After landing in Hong Kong exhausted and confused about the time of day, we realized we'd missed our shuttle to our hostel and so took an $8 cab ride instead. Our hostel was at the top of Davis Peak, and by top, I mean Very top. The narrow rode was scary and steep in the night time and I think our cab driver thought we were trying to take him to the remote wilderness to rob him or something. Our hostel was alright, very rustic and outdoorsy, and for one night as exhausted as we were, it did the job. And the view of Hong Kong was amazing! I'll post pictures probably when I get home.

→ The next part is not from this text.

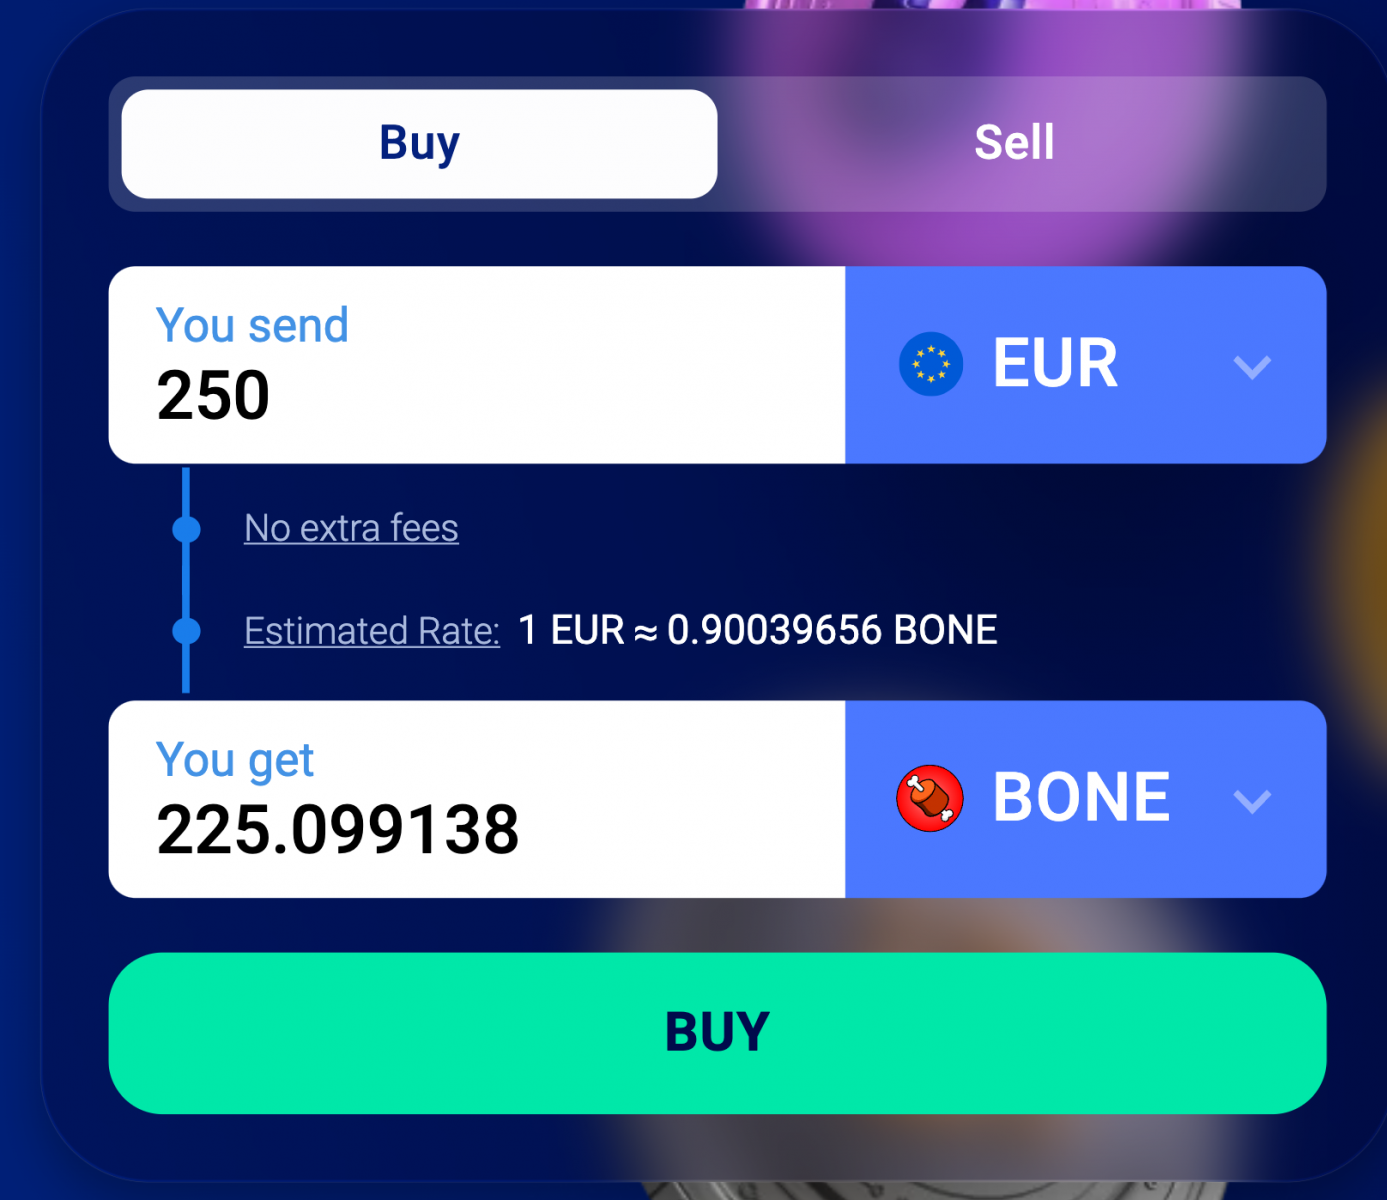 How to Buy Bone Shibaswap - BONE Explained

We decided that it was way too far to Anything for us to stay there another night, so we found another place and left the next morning for it. We had awoken at 6:00am ready to go, but had to wait for 7:30am for our shuttle to the city. On our way to our next hotel, we saw early morning excercises, some doing Tai Chi. Our new place was in a bustling city street, much more diverse then any of the other areas we'd seen, and defintely a little Shady, but we had our own room and bathroom, so it worked. It is an odd thing to see so much of one race in one place, it really makes me realize what a melting pot the US really is. It also makes me feel a lot less Chinese being around so many Chinese people at once, all looking at me as a white tourist. It's something I've wrestled with before with my family, not feeling "Chinese" enough, mostly because I was often told I was too American or that I don't look Chinese at all by my family. When I was younger I'd desperately try to point out my Chinese features to my family, "See my slanted eyes here? See? That's Chinese!" But they would just shake their head and say, "Nope, not Chinese at all." I don't believe they said it to hurt me, my family is just brutally blunt and say what they think without any cushioning, a trait I have picked up myself.
Getting ready to head to Thailand tonight... will write more later.